### Work to be completed
Line by line, set down all the data below exactly, omitting any picture.

### Material provided

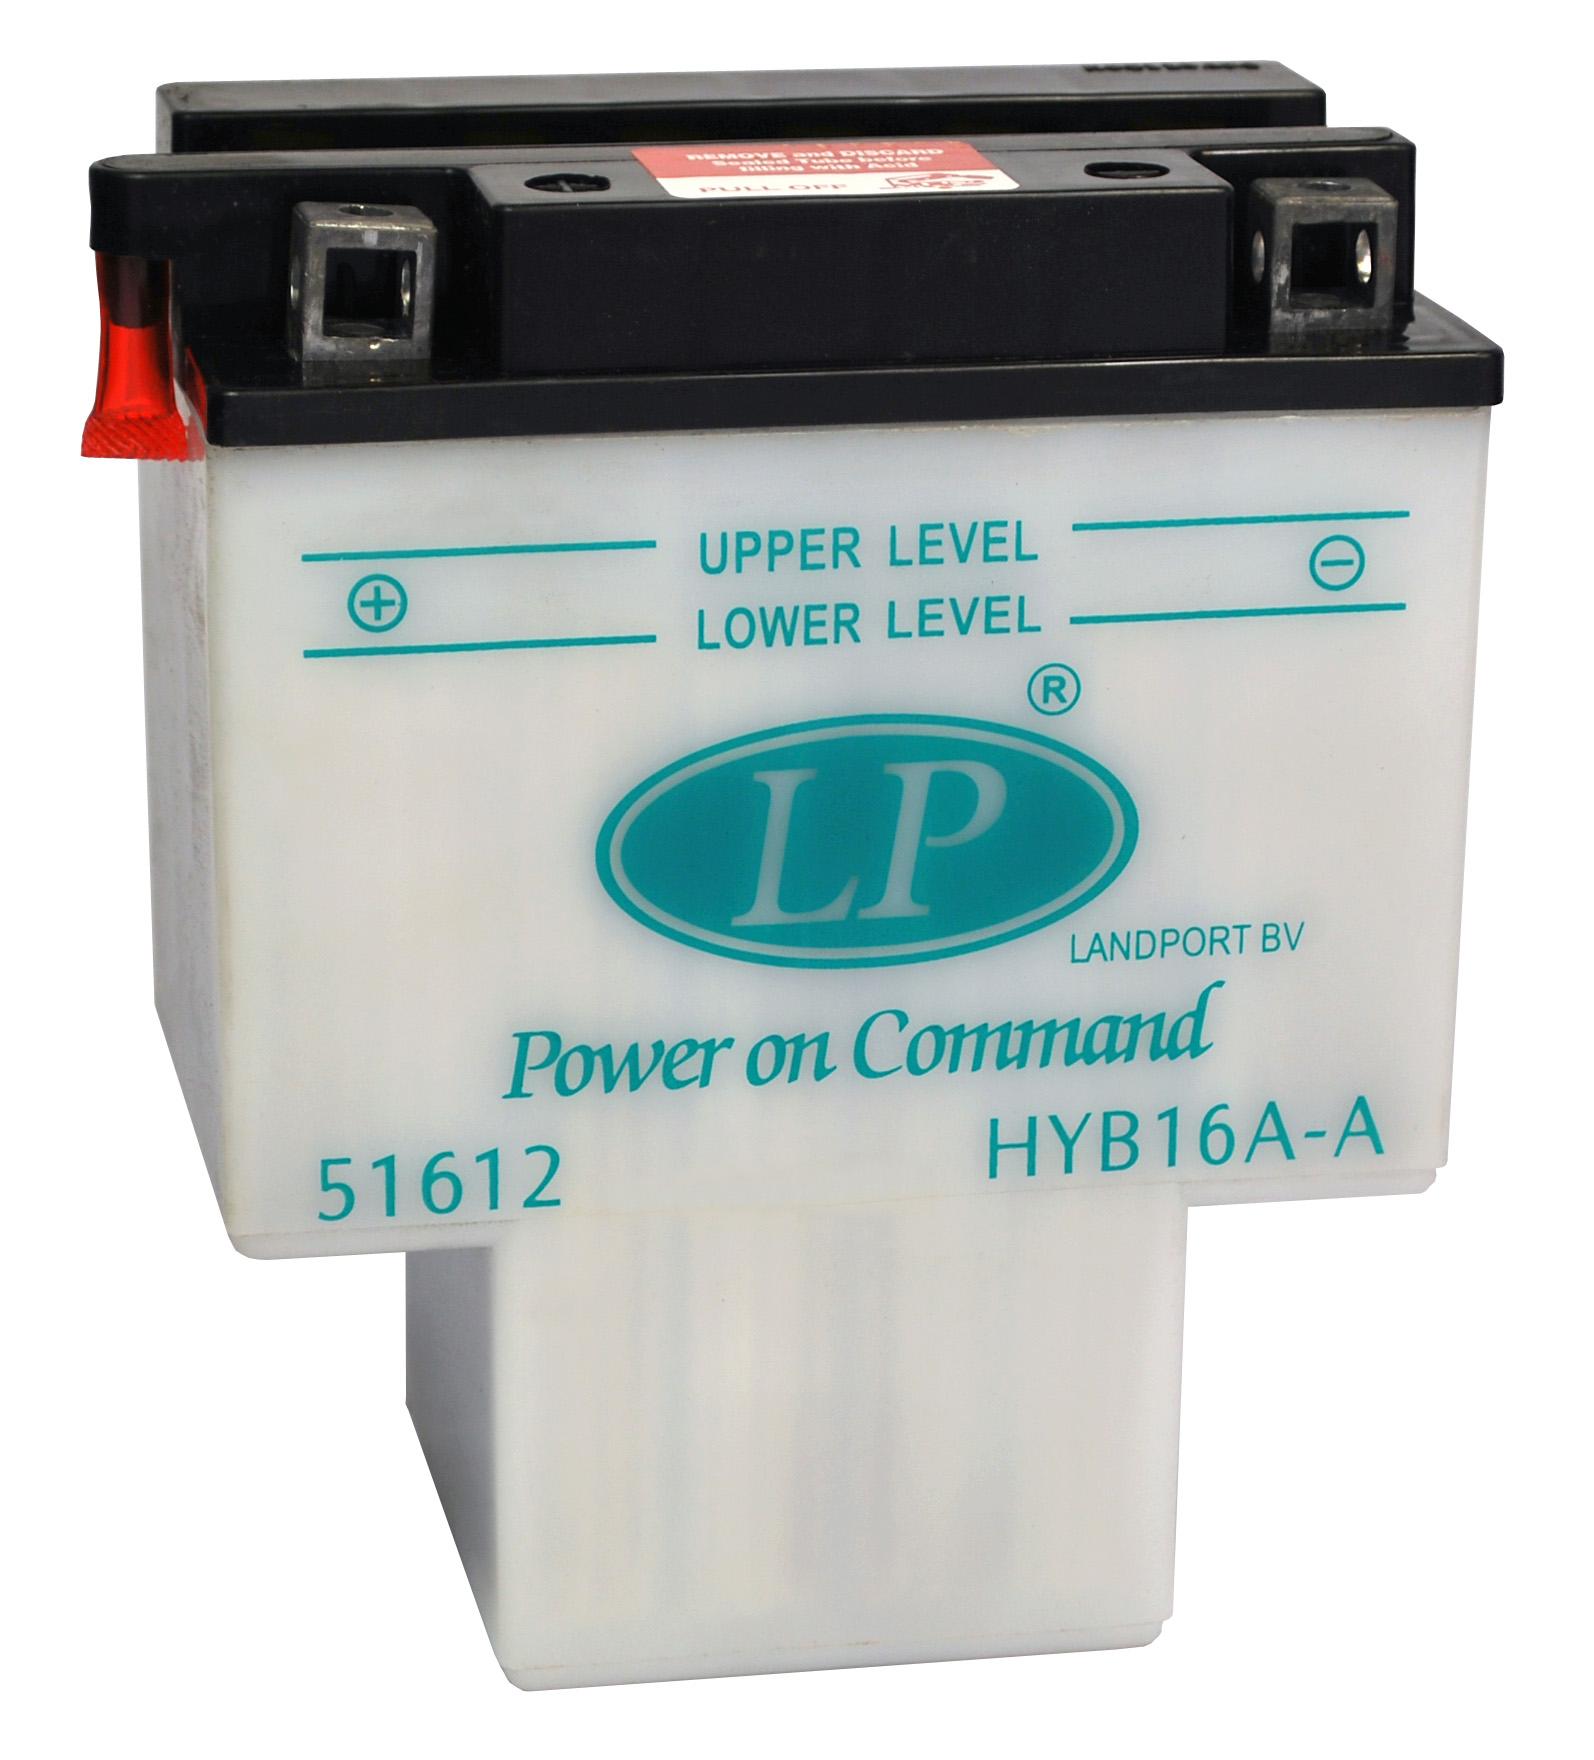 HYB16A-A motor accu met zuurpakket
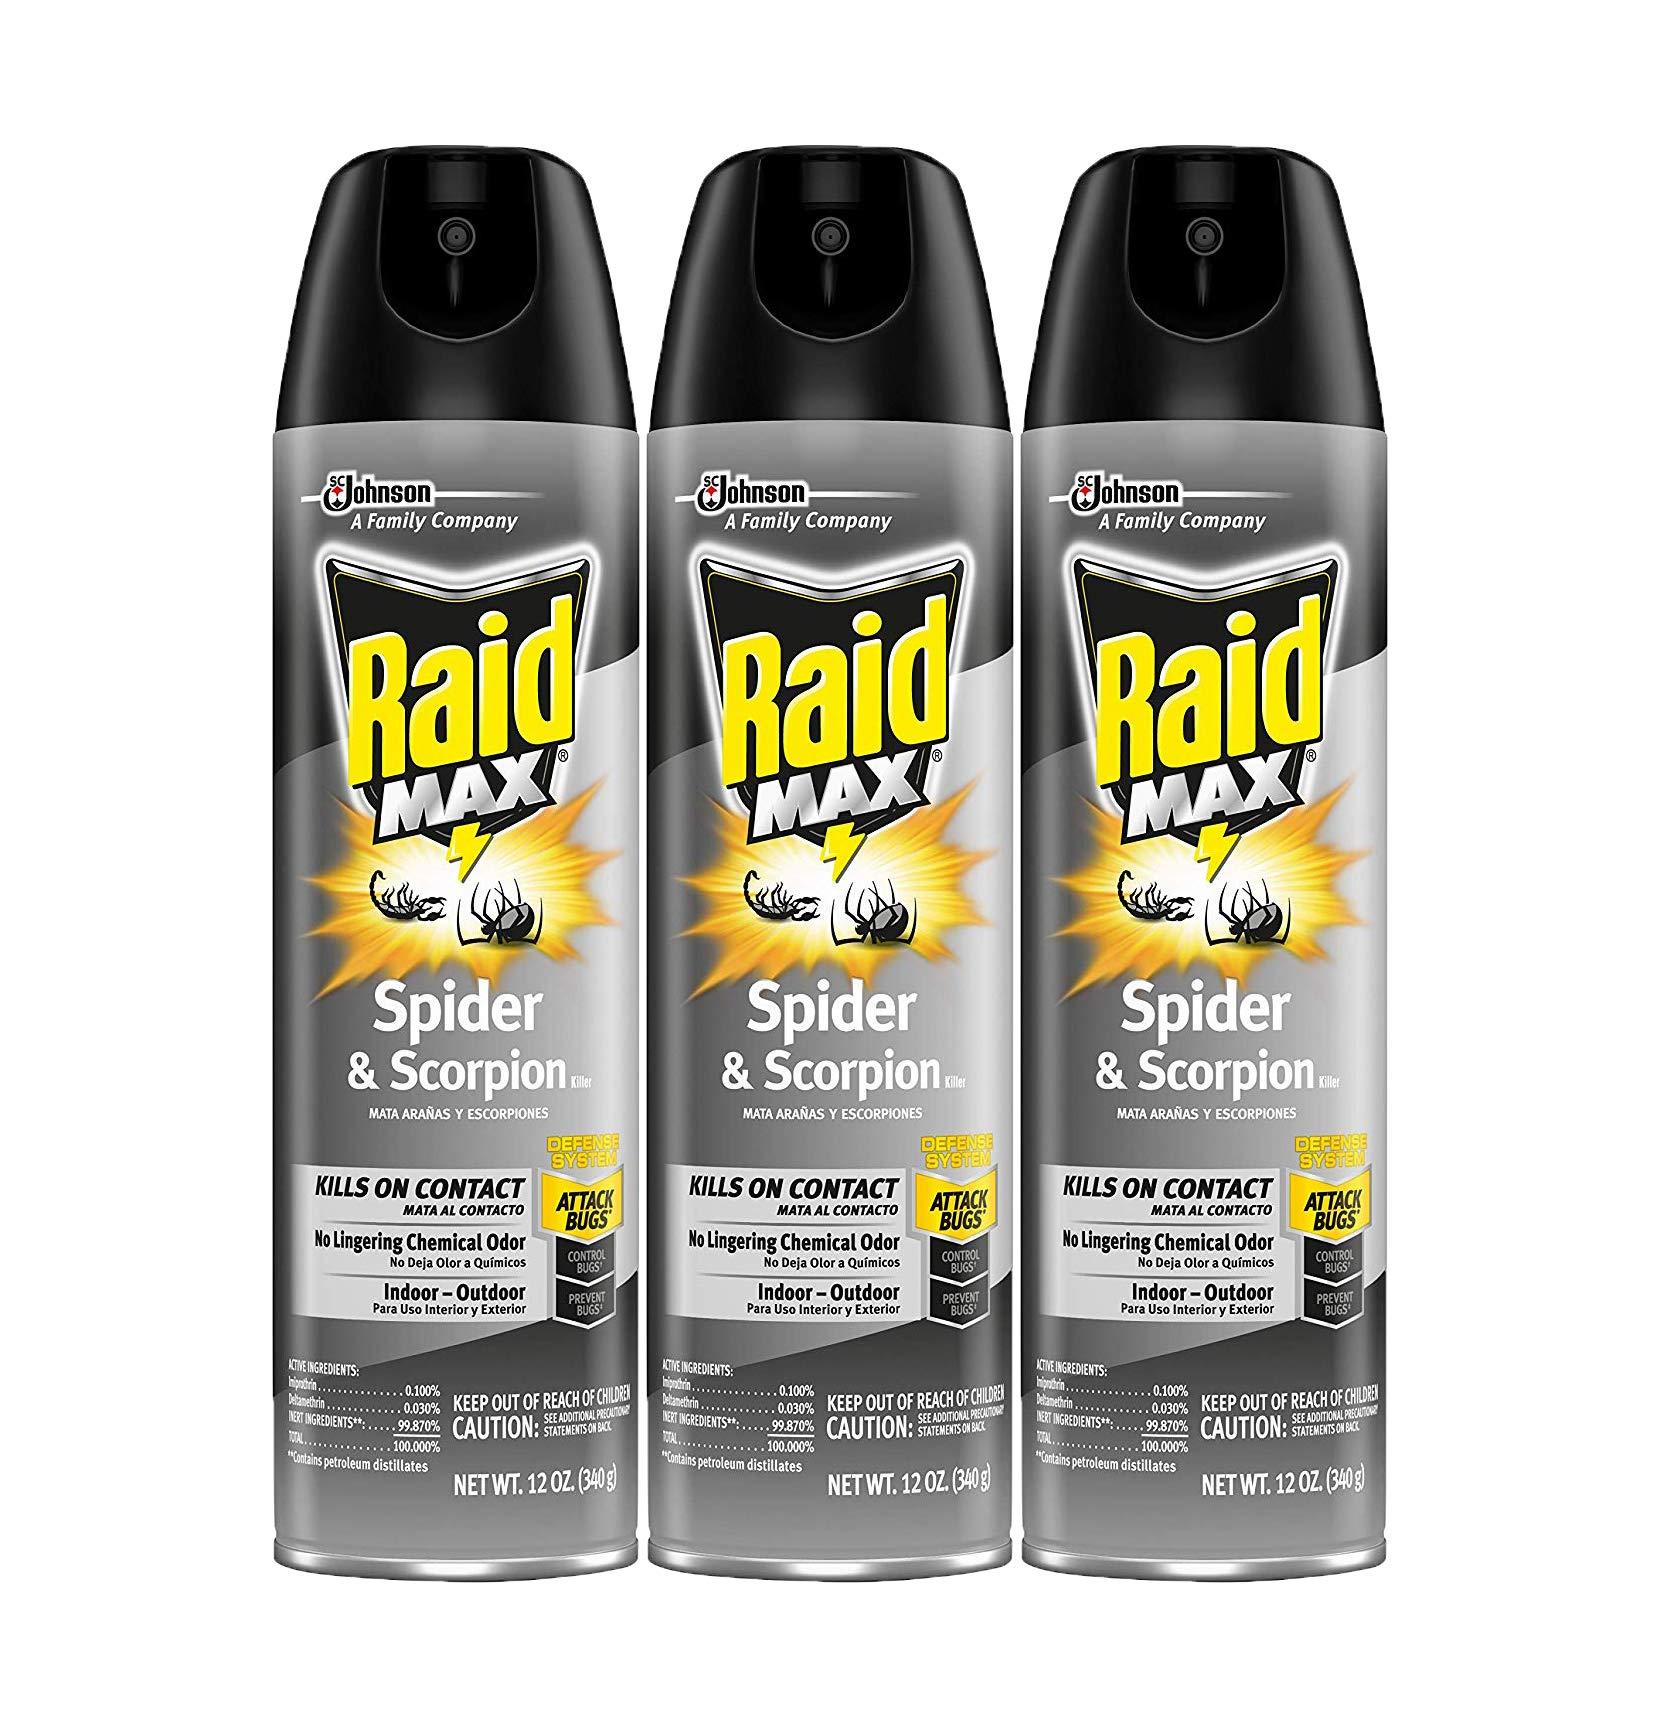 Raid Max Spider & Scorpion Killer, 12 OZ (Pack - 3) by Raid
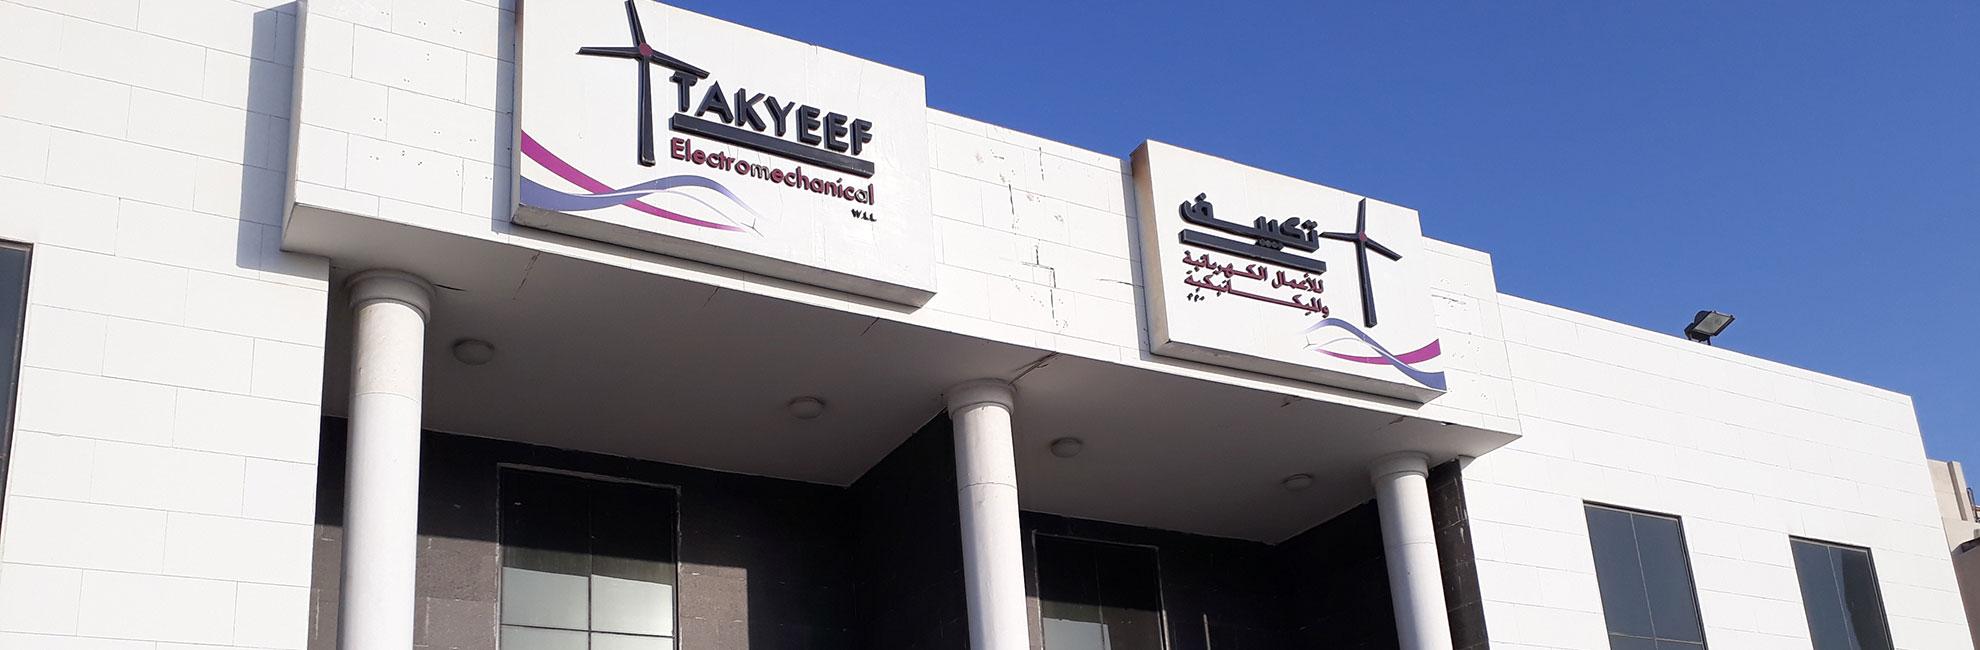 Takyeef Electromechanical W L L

### Response box
 HYB16A-A motor accu met zuurpakket
 Raid Max Spider & Scorpion Killer, 12 OZ (Pack - 3) by Raid
 Takyeef Electromechanical W L L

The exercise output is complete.